The European wind industry association, WindEurope, has published a report – Financing and Investment Trends – according to which last year the sector invested in the Old Continent 27,000 million euros (almost 520 million every week). The financial muscle thus remains robust (the amount is similar to that of previous years), but the technology has been in 2018 more fruitful than ever before. And is that, thanks to the fall in installation costs (due to constant technological advances), especially in offshore wind, those 27,000 million euros are going to be used to start nothing more and nothing less than 16,700 new megawatts wind, according to WindEurope.
A megawatt of onshore wind power today demands an investment of 1.4 million euros, when just four years ago starting up a megawatt on land required two million euros. The numbers of offshore wind are more striking. Installing one megawatt in the sea in 2015 cost four and a half million euros. Putting it into operation today costs only 2.5 million (55% less).
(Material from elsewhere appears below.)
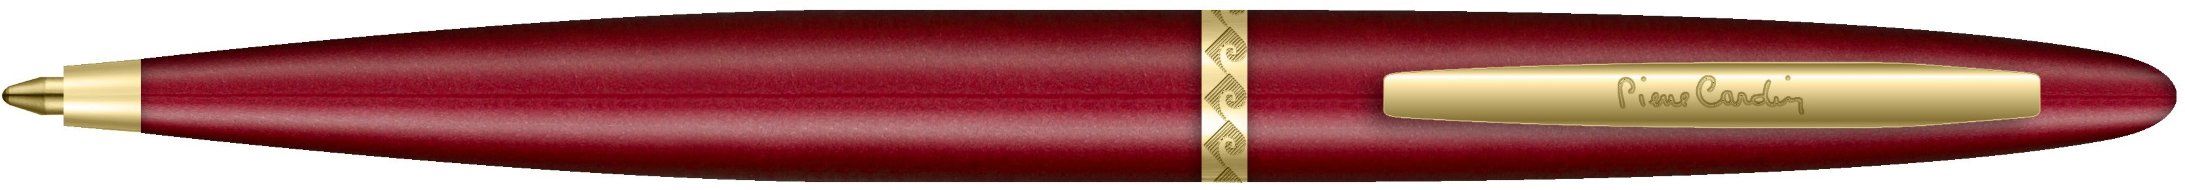 Ручка шариковая Pierre Cardin Capre, красная, позолота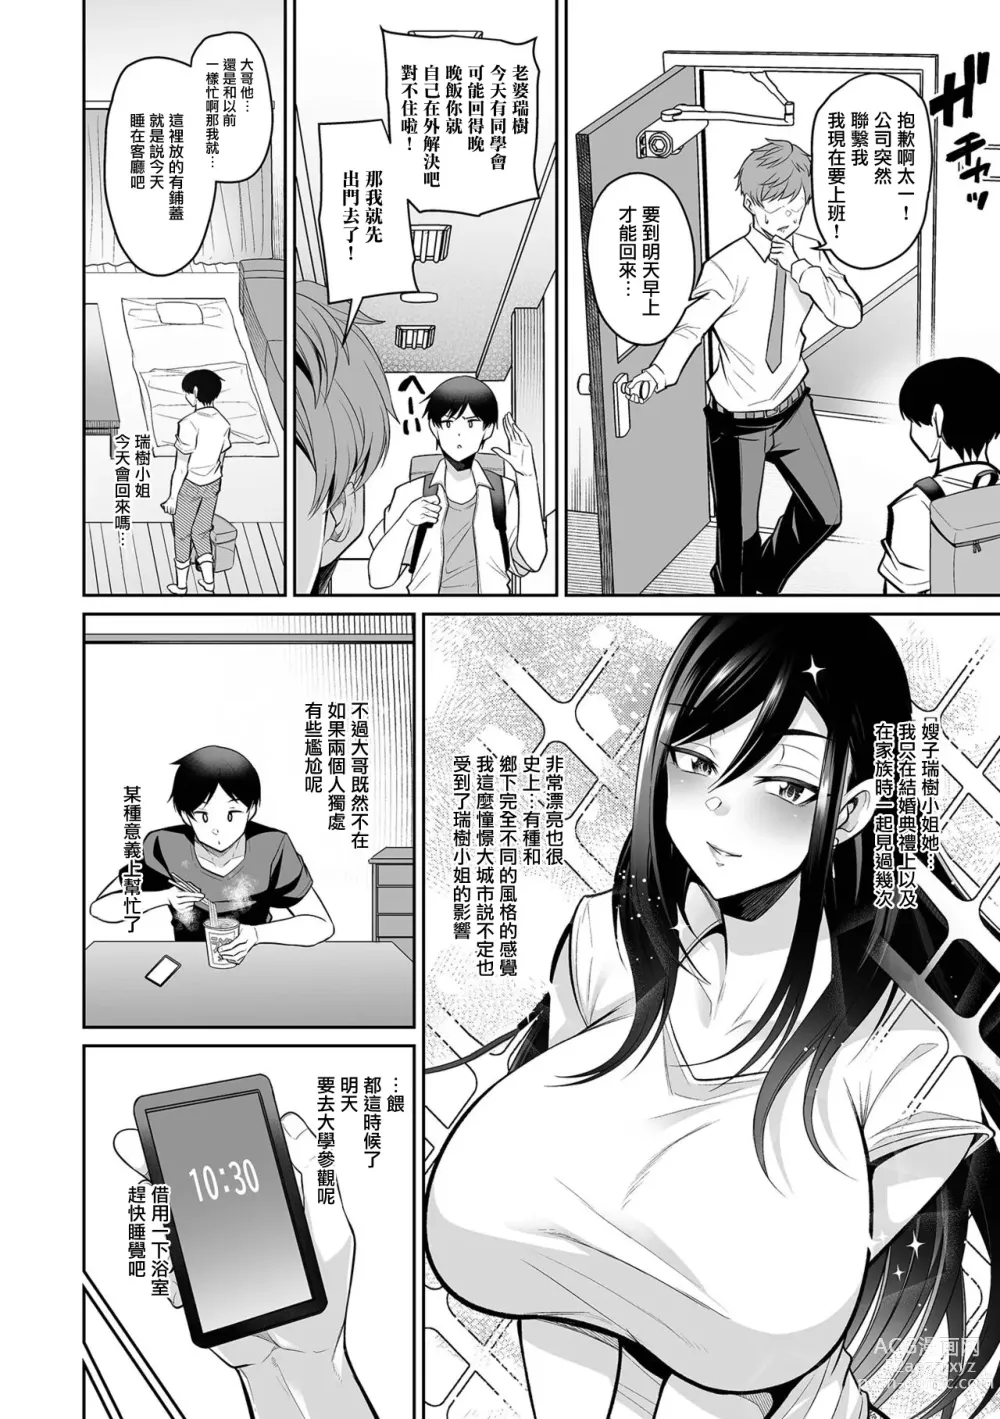 Page 2 of manga NikYobai Aniyome

According to the WindEurope Financing and Investment Trends study, most of the investments announced last year have gone ashore -12,500 megawatts-, while the remaining 4,200 megawatts (which will take 38.5% of the 27,000 million mentioned above) will be carried out offshore.
According to data published by WindEurope in this report, a total of 190 wind farms from 22 different European countries announced their Final Investment Decision (FID) last year. The North and West of the Old Continent continue to be the territories most benefited by these investments. The United Kingdom has been the largest investor, especially in offshore wind. Sweden came second. Investments in the South and Central Europe – WindEurope continues – have accounted for only four percent of the total, “although Spain and Poland -matizing from the association- have taken off in 2018”.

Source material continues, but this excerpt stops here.